There are a couple of hooks you can register with your application.

  • App.pre_send() - Runs producer side just before the task is sent to the SQS queue.

  • App.post_send() - Runs producer side just after the task is sent to the SQS queue.

  • App.pre_task() - Runs consumer side after the message is consumed, but just before the task is run.

  • App.post_task() - Runs consumer side after the message is consumed and the task is run.

@app.pre_send
def before_send(queue_name, body):
    ...

@app.post_send
def after_send(queue_name, body, response):
    ...

@app.pre_task
def before_task(task):
    ...

@app.after_task
def after_task(task):
    ...

These hooks provide a good opportunity for performing logging or metrics related to the production and consumption of tasks.

Command Line Consumer#

SQuidS ships with a command line consumer, squids. You can always build your own consumers (See Consuming Tasks), but this one provides a great starting point that you can use to quickly scale out your rate of consumption.
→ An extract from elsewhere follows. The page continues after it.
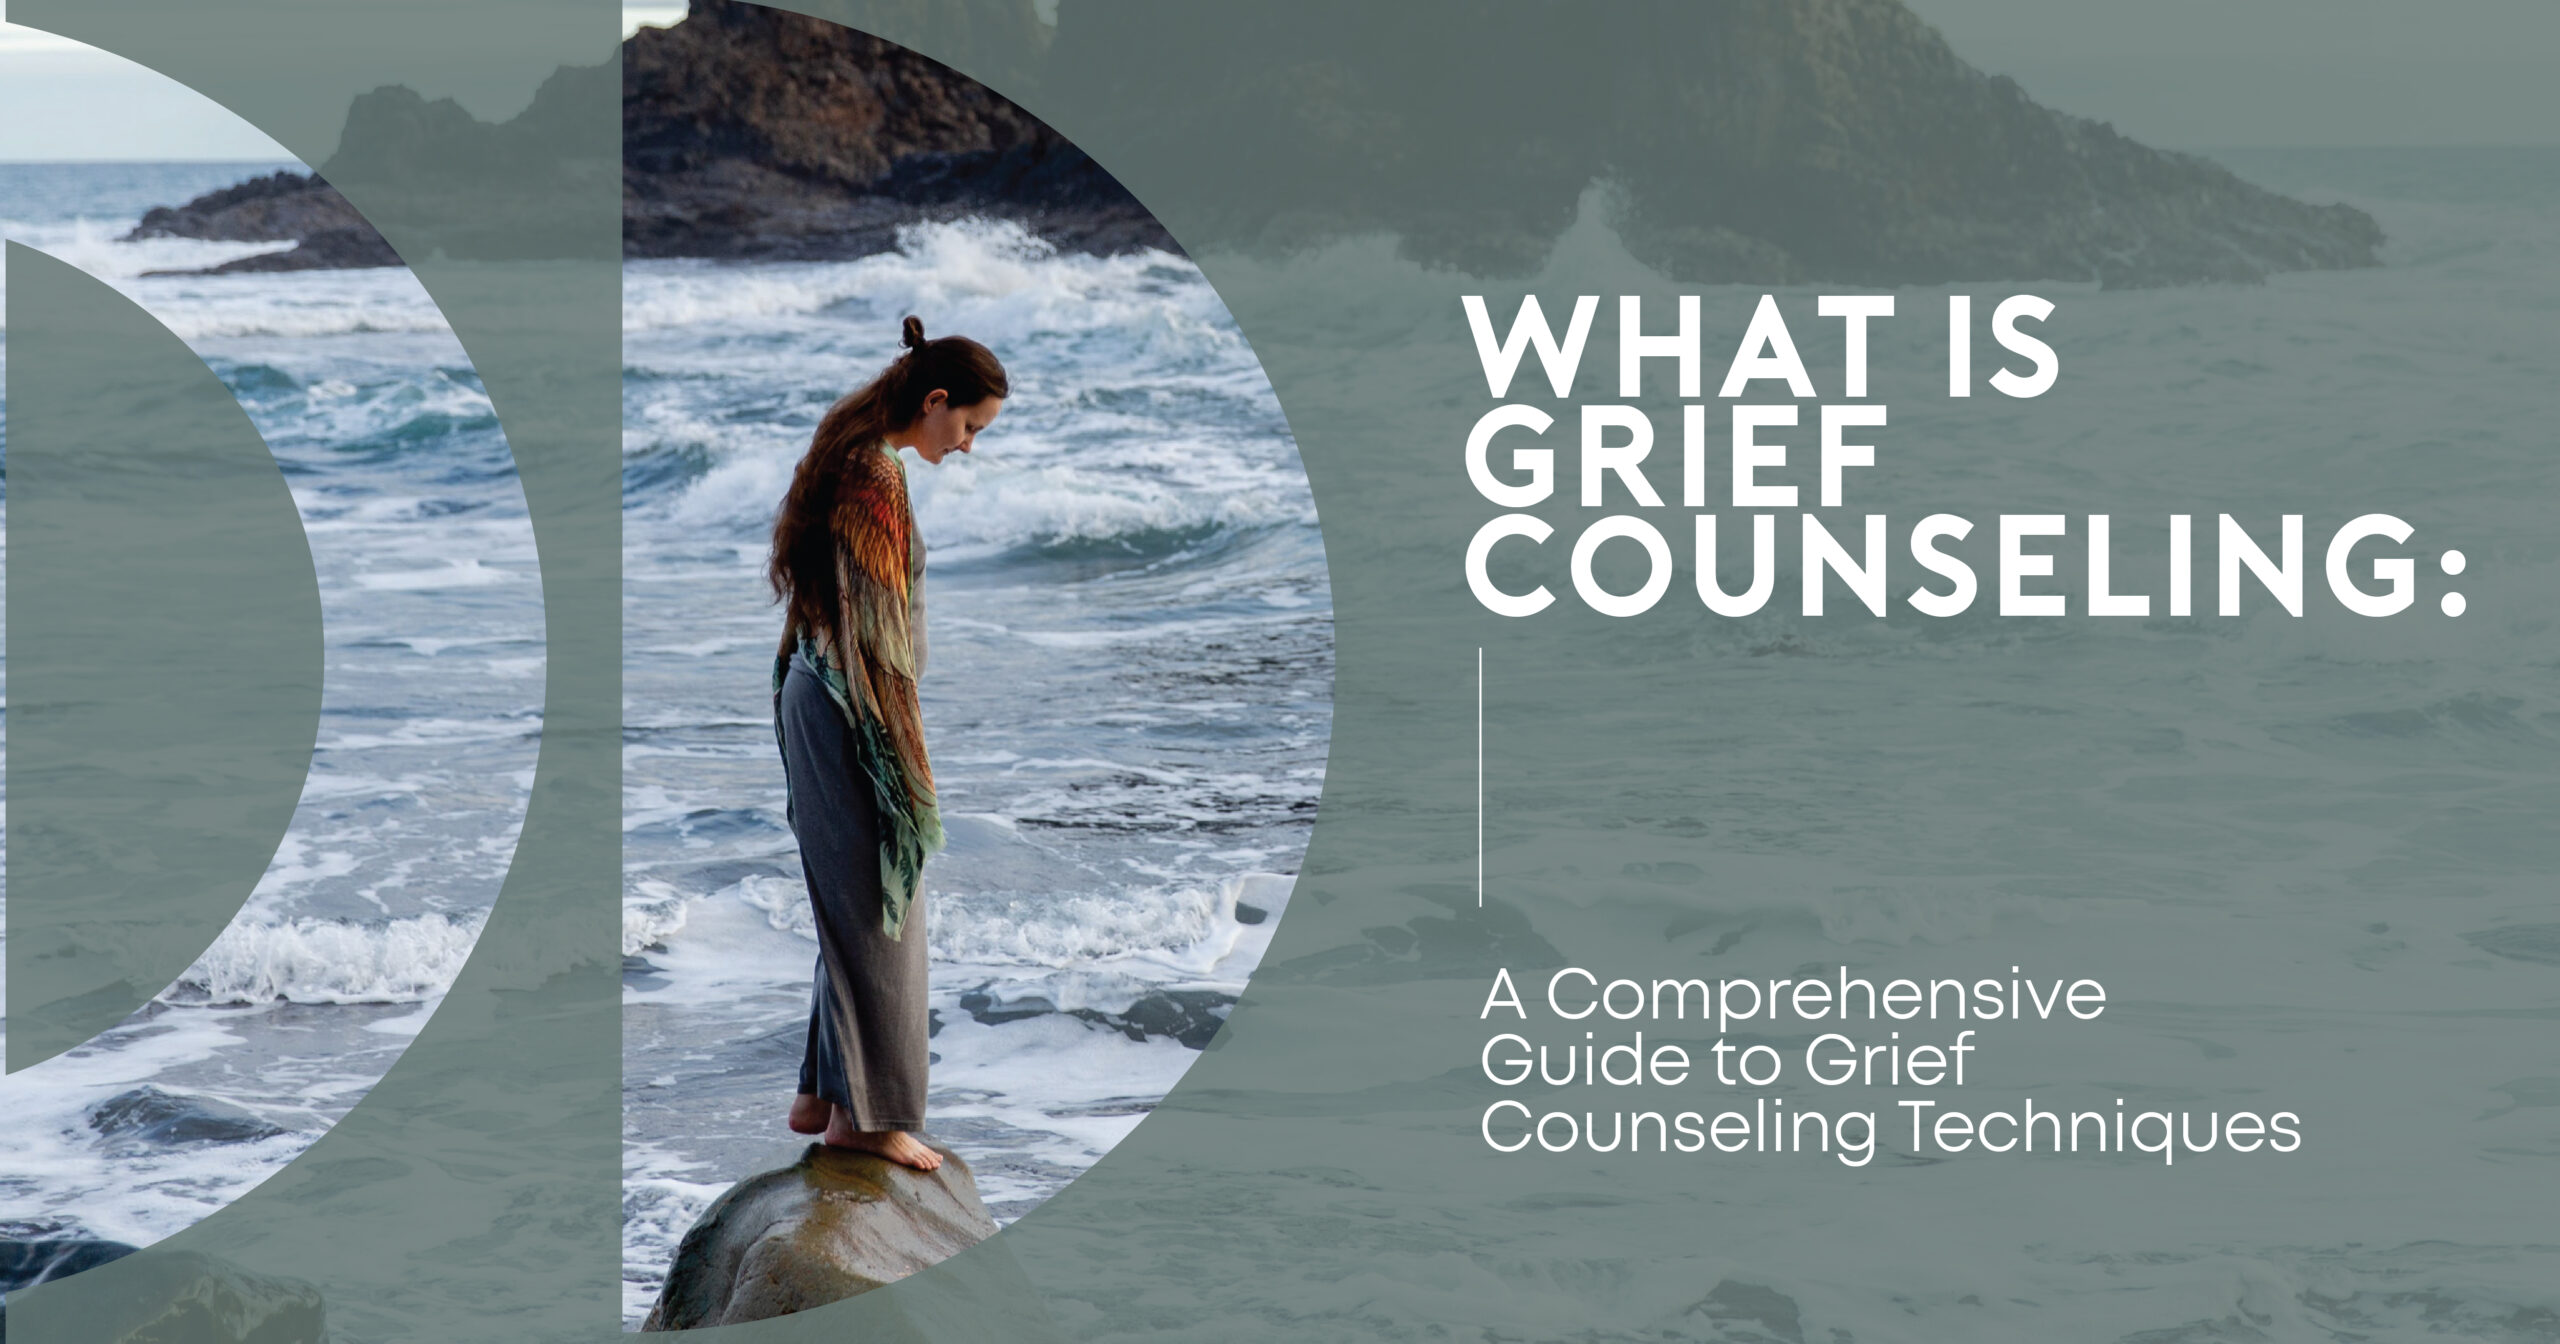 Grief Counseling Techniques

usage: squids [-h] -q QUEUE [-w WORKERS] -a APP [--polling-wait-time {0,1,2,3,4,5,6,7,8,9,10,11,12,13,14,15,16,17,18,19,20}] [--visibility-timeout VISIBILITY_TIMEOUT]
              [--log-level {DEBUG,INFO,WARNING,ERROR,CRITICAL}]

optional arguments:
  -h, --help            show this help message and exit
  -q QUEUE, --queue QUEUE
                        The name of the SQS queue to process.
  -w WORKERS, --workers WORKERS
                        The number of workers to run. Defaults to the number of CPUs in the system
  -a APP, --app APP     Path to the application class something like package.module:app where app is an instance of squids.App
  --polling-wait-time {0,1,2,3,4,5,6,7,8,9,10,11,12,13,14,15,16,17,18,19,20}
                        The WaitTimeSeconds for polling for messages from the queue. Consult the AWS SQS docs on long polling for more information about this setting. https://docs.aws.amazon.com/AWSSimpleQueueService/latest/SQSDeveloperGuide/sqs-
                        short-and-long-polling.html#sqs-long-polling
  --visibility-timeout VISIBILITY_TIMEOUT
                        The VisibilityTimeout duration (in seconds) that the received messages are hidden from subsequent retrieve requests after being retrieved by a ReceiveMessage request.
  --log-level {DEBUG,INFO,WARNING,ERROR,CRITICAL}
                        Set the logging level for the consumer. Logs will be handled using the logging.SteamHandler with the stream set to stdout

It works by creating a pool of worker processes. The consumer then passes the tasks it receives to be run by the workers. This allows for increased consumption throughput. The consumer will never consumer more than 2x the number of workers to prevent feeding tasks faster than the workers can process them.

If you need to increase the consumption rate then you can run the consumer on additonal machines or pods.